*Aim of the exercise*: Restate each line of the listing exactly, without carrying over any pictures.

*Data shown*:
^^^^

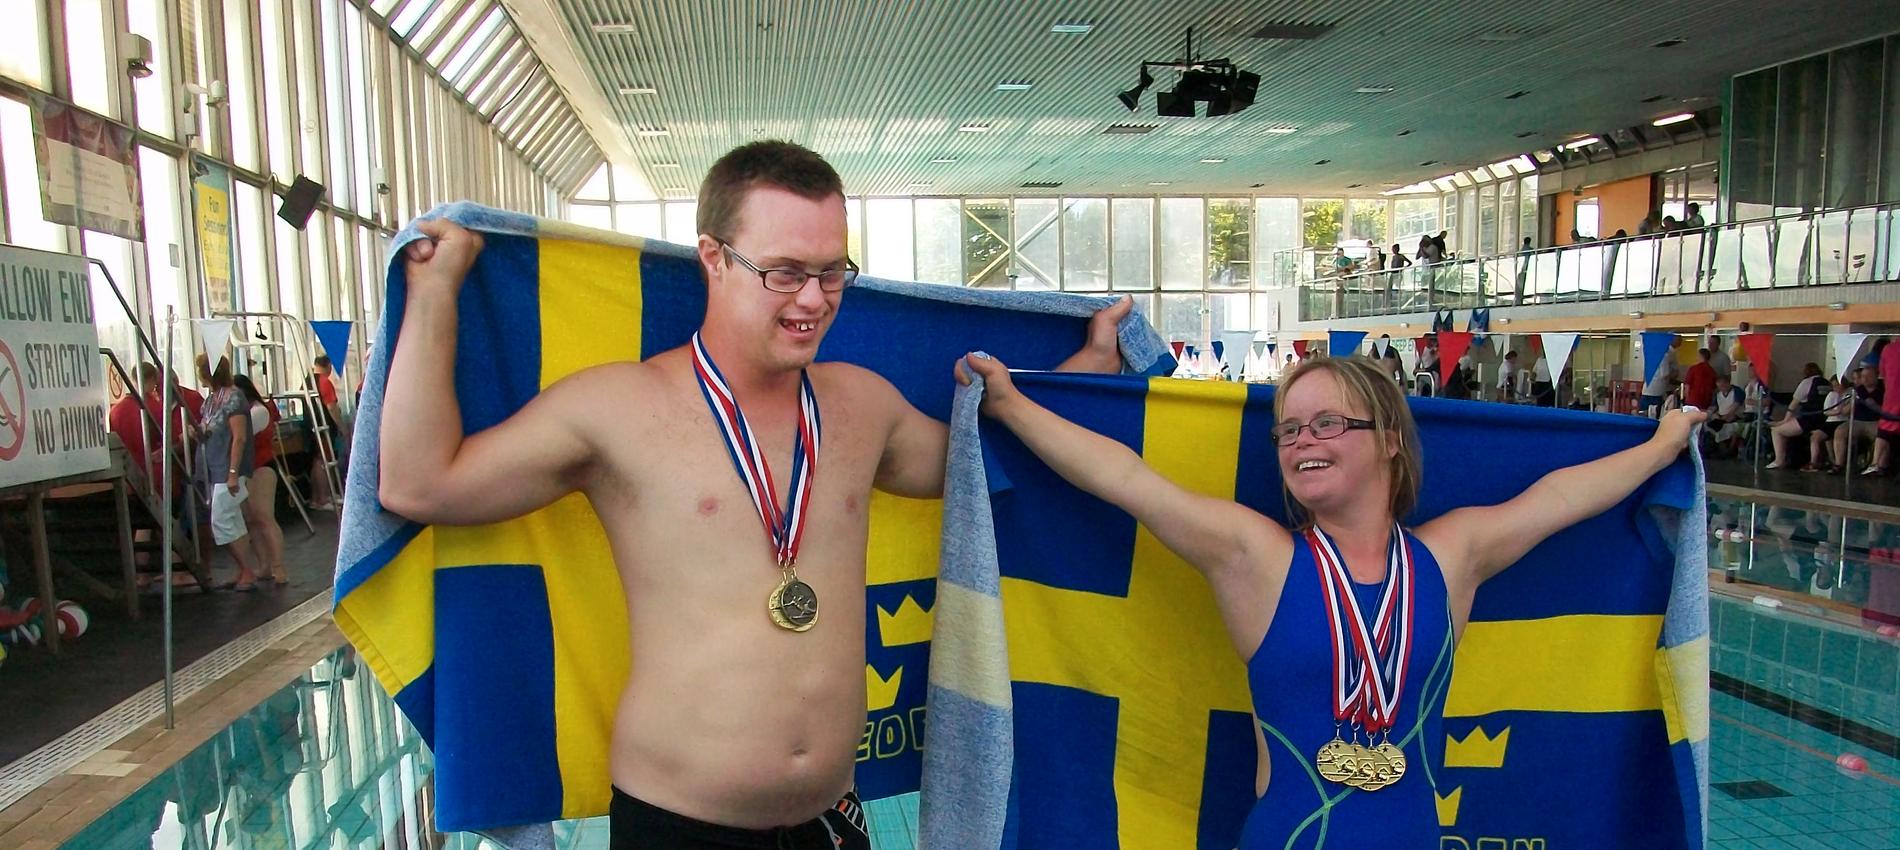 När det var VM i Mexiko för simmare med downs syndrom så satte hon världsrekord på 25 meter bröstsim och fixade även fyra europarekord.
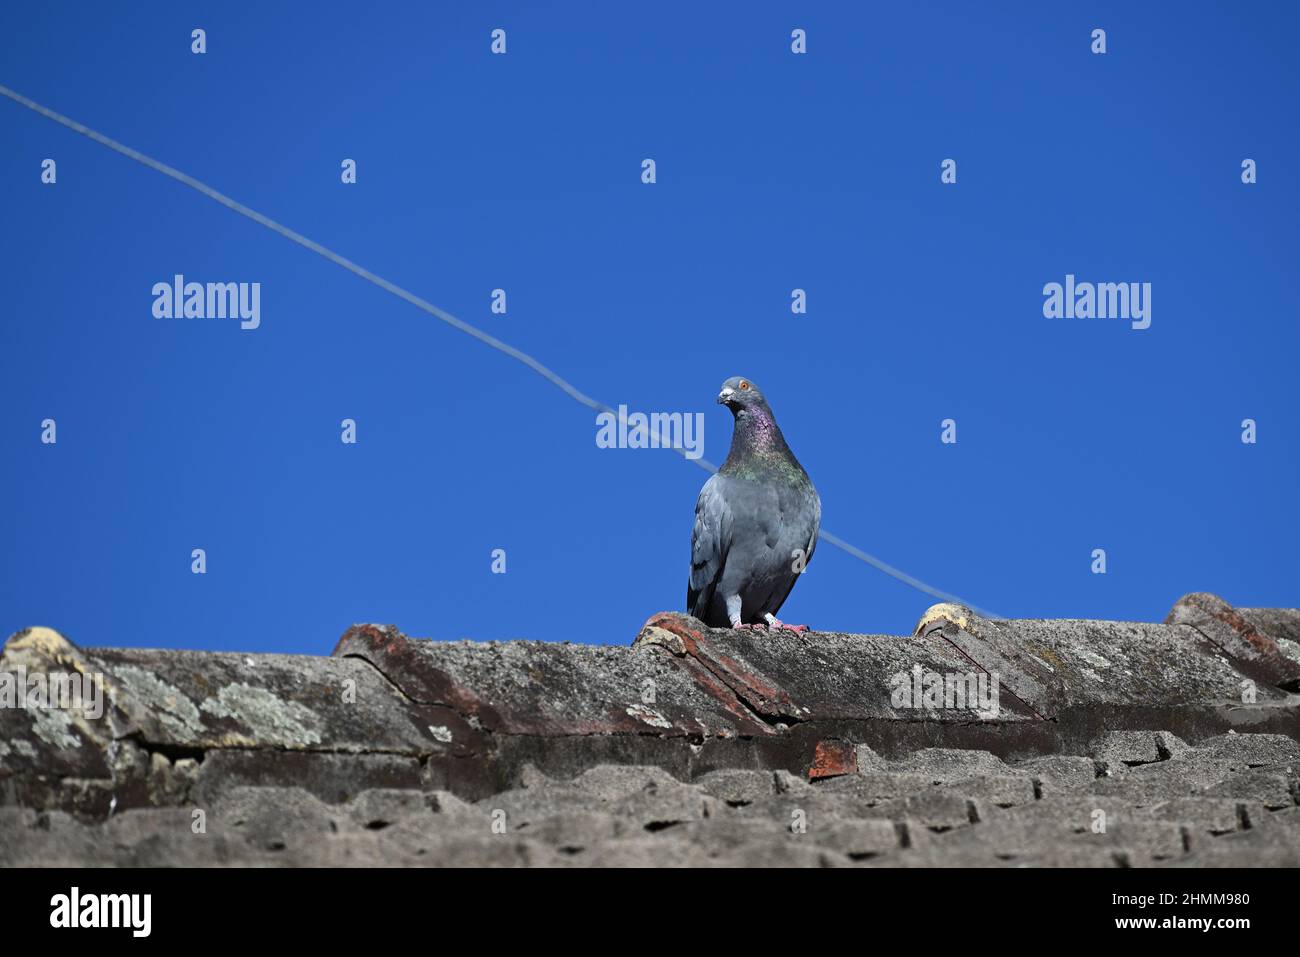 Steintaube, oder gewöhnliche Taube, späht nach unten, während sie an einem klaren Sommertag auf einem verwitterten Ziegeldach steht Stockfoto
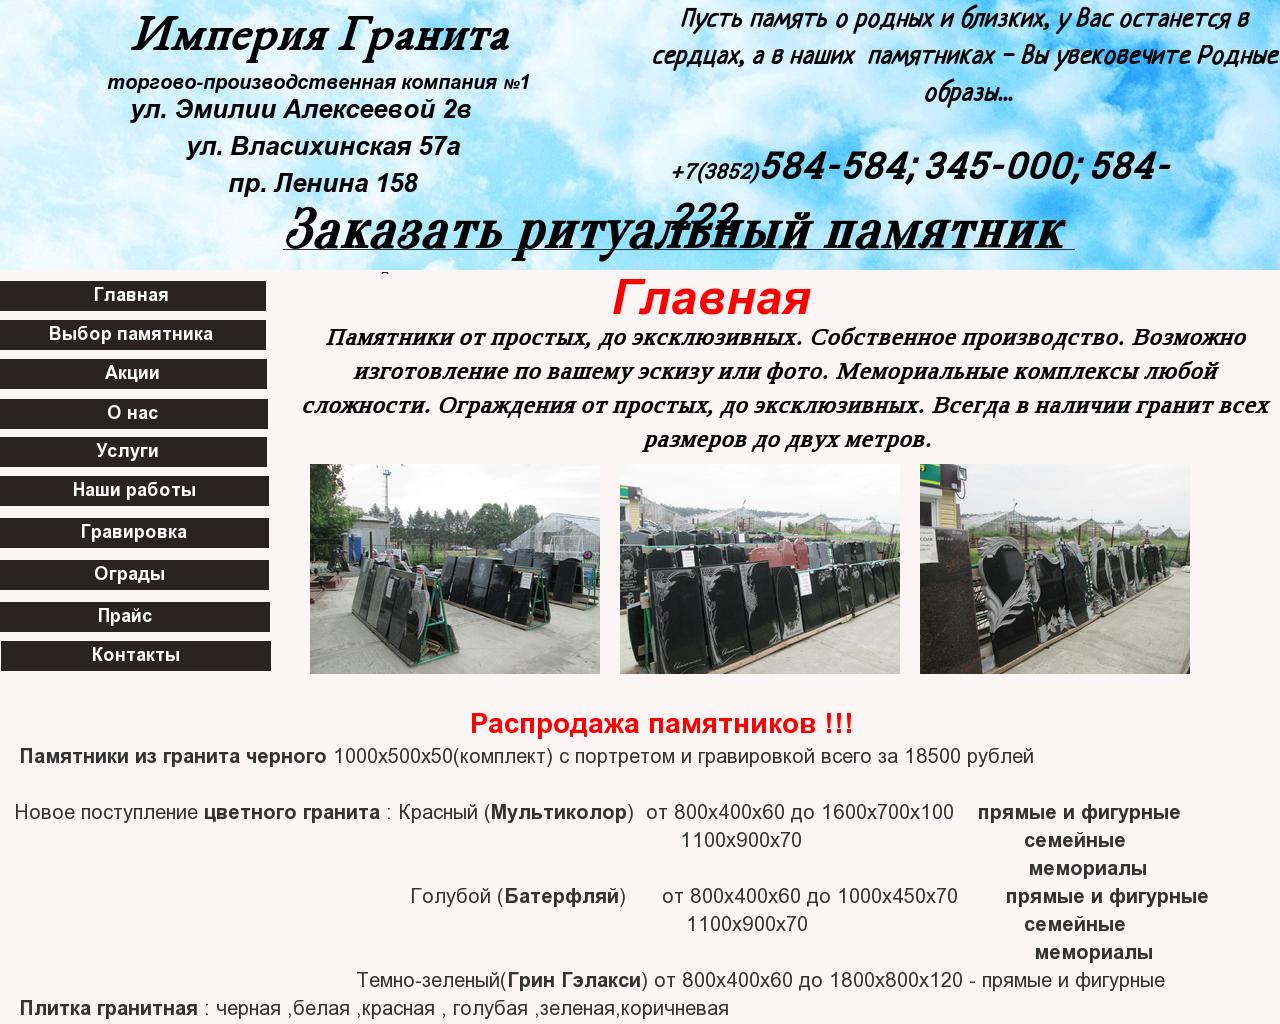 Изображение сайта pamyatnik22.ru в разрешении 1280x1024

^^^^

*Reply*:
 När det var VM i Mexiko för simmare med downs syndrom så satte hon världsrekord på 25 meter bröstsim och fixade även fyra europarekord.
 Steintaube, oder gewöhnliche Taube, späht nach unten, während sie an einem klaren Sommertag auf einem verwitterten Ziegeldach steht Stockfoto
 Изображение сайта pamyatnik22.ru в разрешении 1280x1024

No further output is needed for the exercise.